**What you are asked to do**
Apart from the pictures, every line below needs to be reproduced verbatim.

**Extracted data**

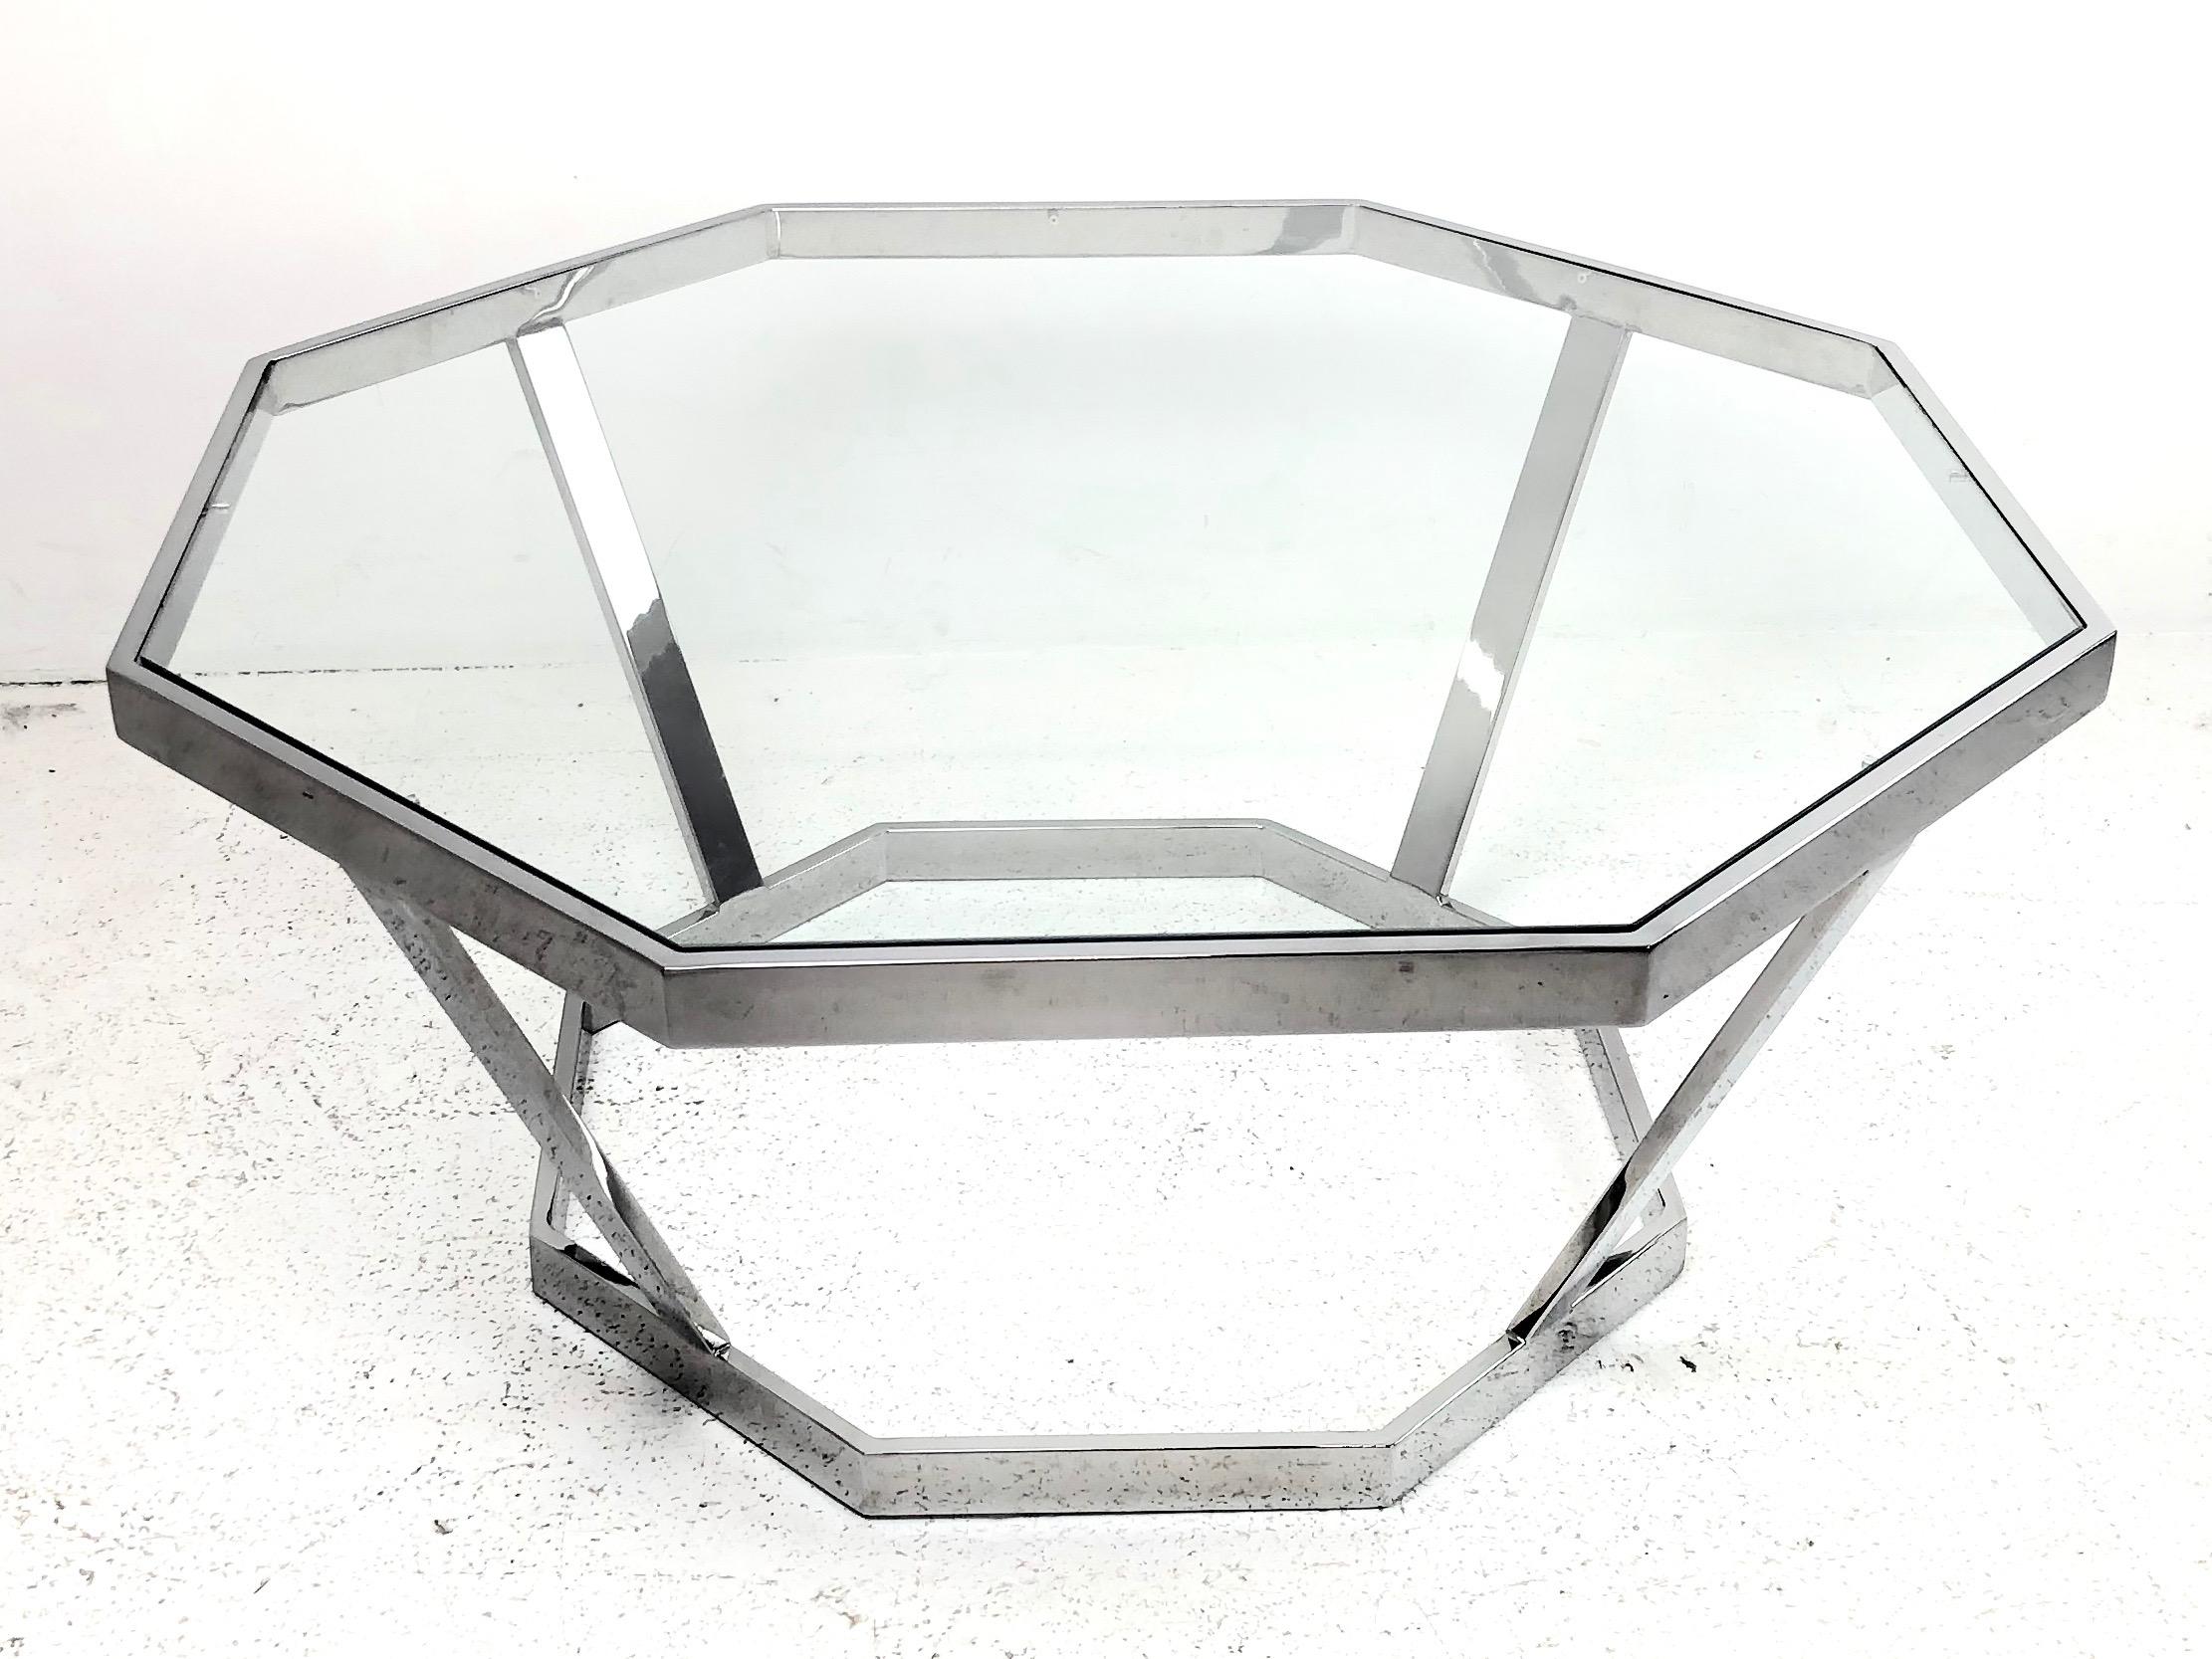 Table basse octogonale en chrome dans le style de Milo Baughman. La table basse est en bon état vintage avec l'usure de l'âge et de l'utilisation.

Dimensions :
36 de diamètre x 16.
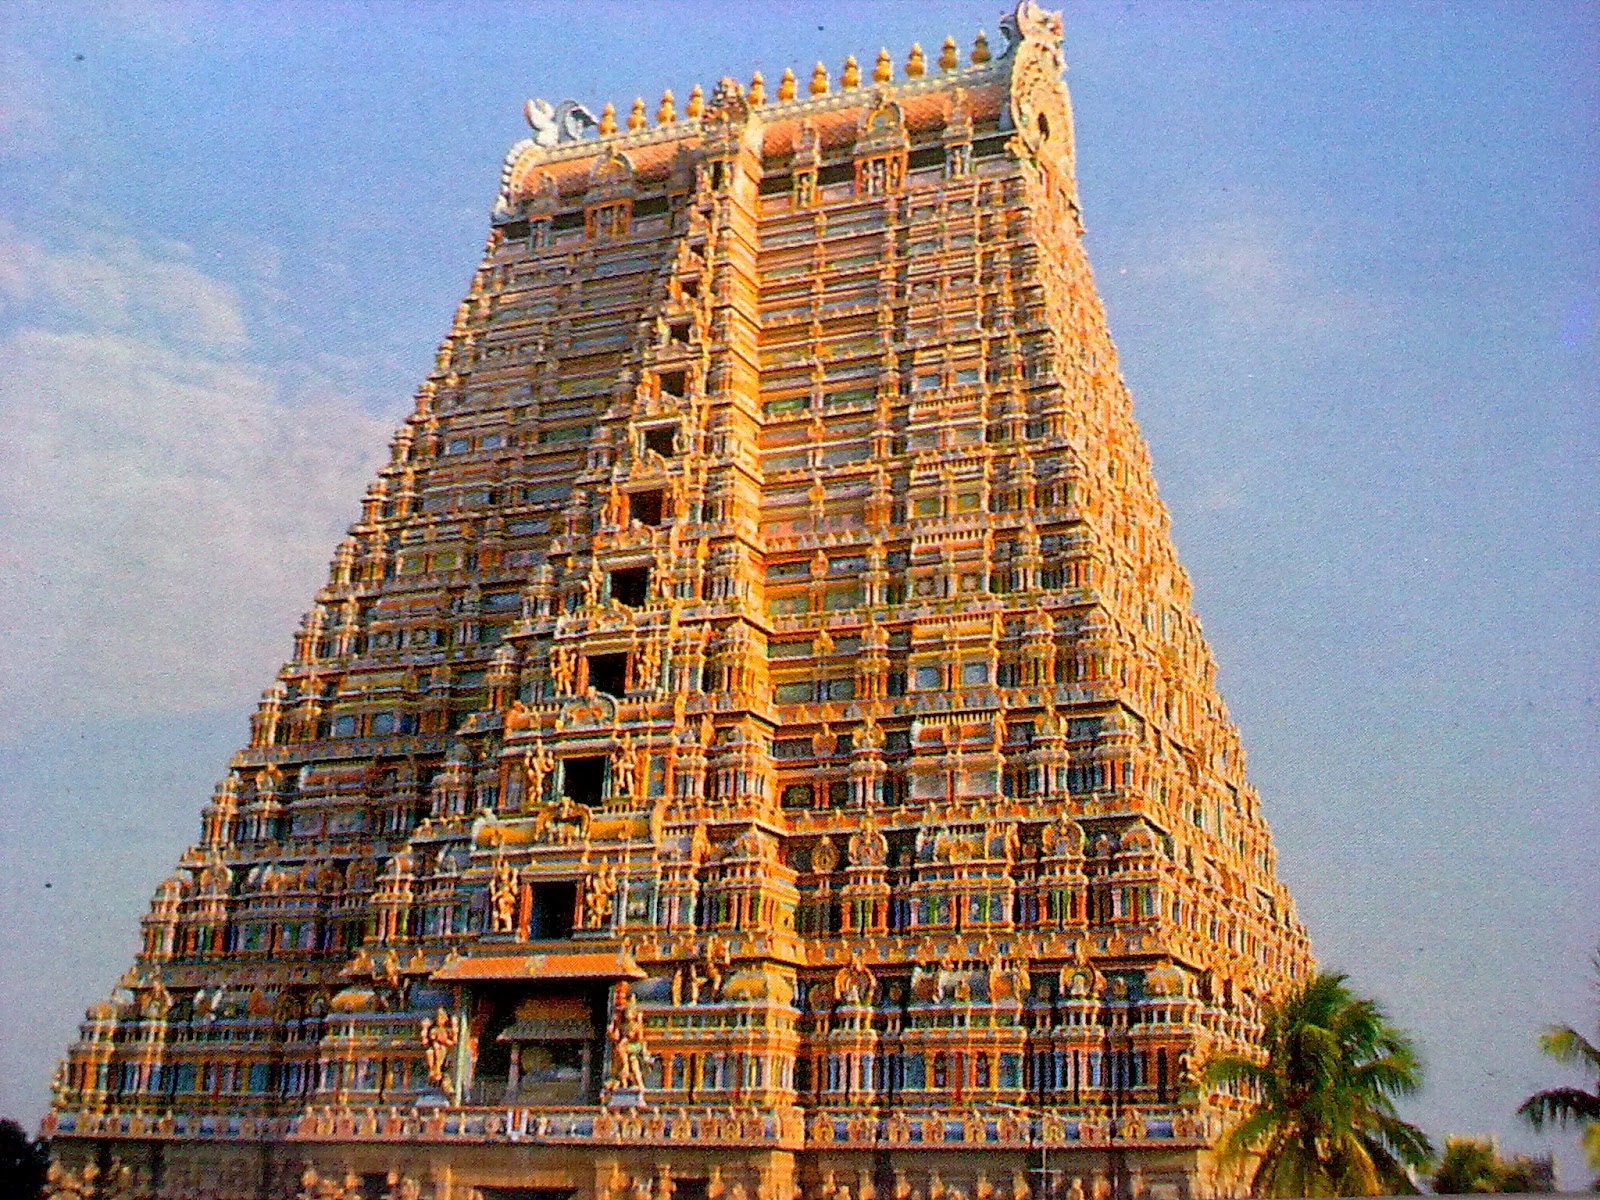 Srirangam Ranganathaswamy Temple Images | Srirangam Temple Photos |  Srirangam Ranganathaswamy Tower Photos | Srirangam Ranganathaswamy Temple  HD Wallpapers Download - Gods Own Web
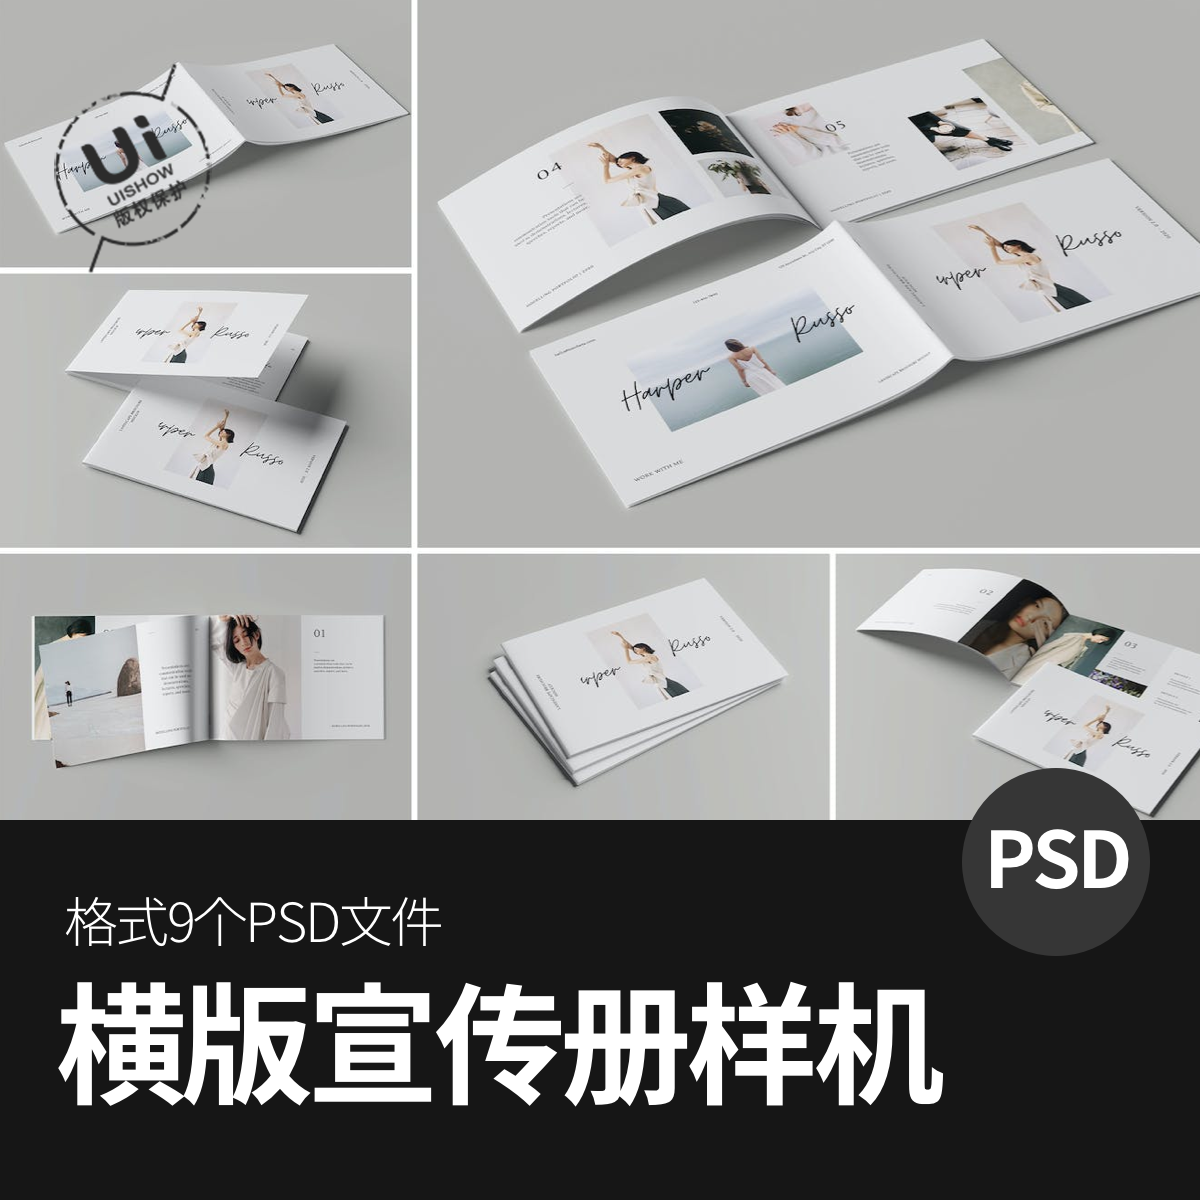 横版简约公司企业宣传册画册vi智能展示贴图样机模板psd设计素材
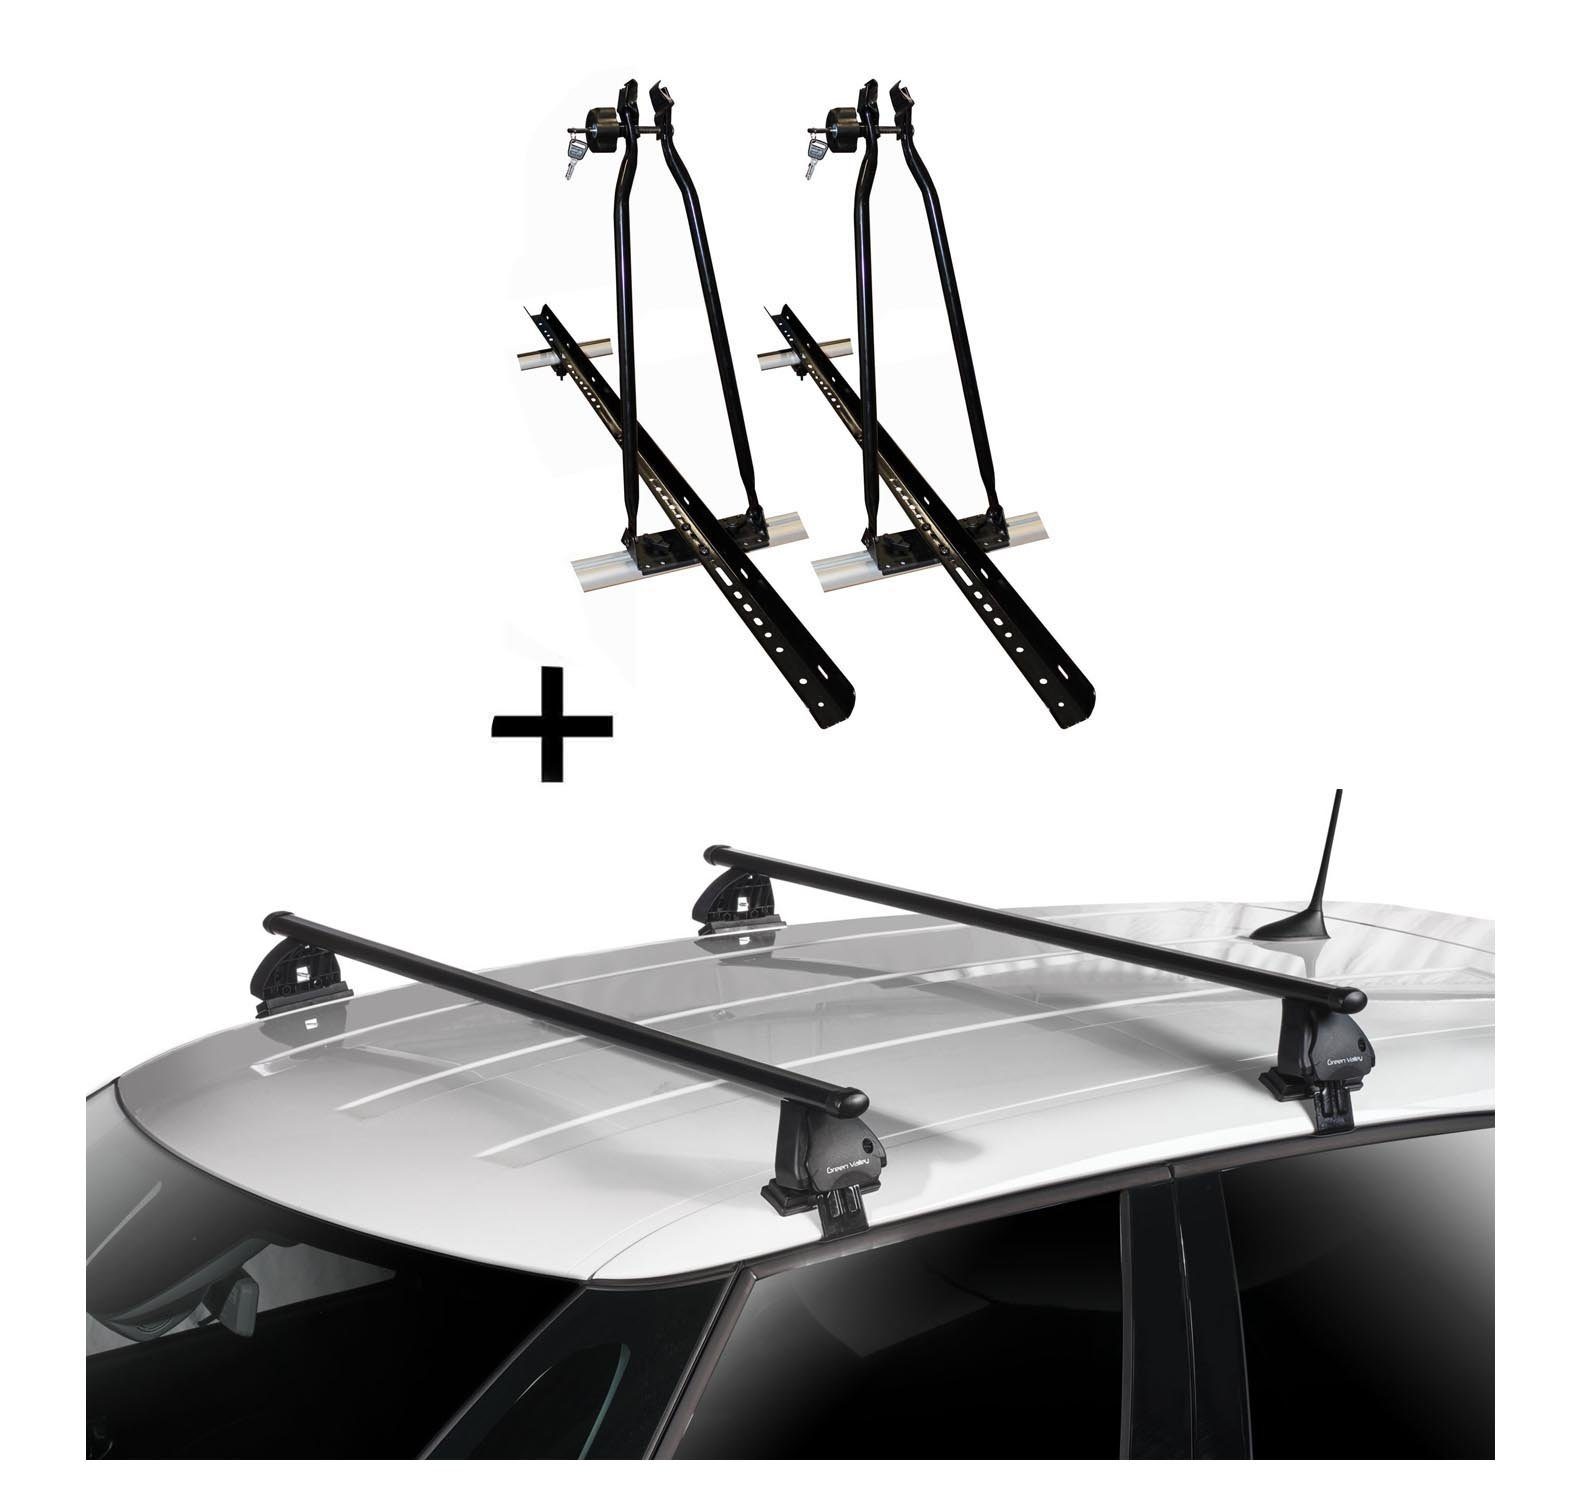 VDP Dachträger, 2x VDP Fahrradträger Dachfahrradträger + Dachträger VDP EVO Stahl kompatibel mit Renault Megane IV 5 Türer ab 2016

**Solution**
 Table basse octogonale en chrome dans le style de Milo Baughman. La table basse est en bon état vintage avec l'usure de l'âge et de l'utilisation.

Dimensions :
36 de diamètre x 16.
 Srirangam Ranganathaswamy Temple Images | Srirangam Temple Photos |  Srirangam Ranganathaswamy Tower Photos | Srirangam Ranganathaswamy Temple  HD Wallpapers Download - Gods Own Web
 横版简约公司企业宣传册画册vi智能展示贴图样机模板psd设计素材
 VDP Dachträger, 2x VDP Fahrradträger Dachfahrradträger + Dachträger VDP EVO Stahl kompatibel mit Renault Megane IV 5 Türer ab 2016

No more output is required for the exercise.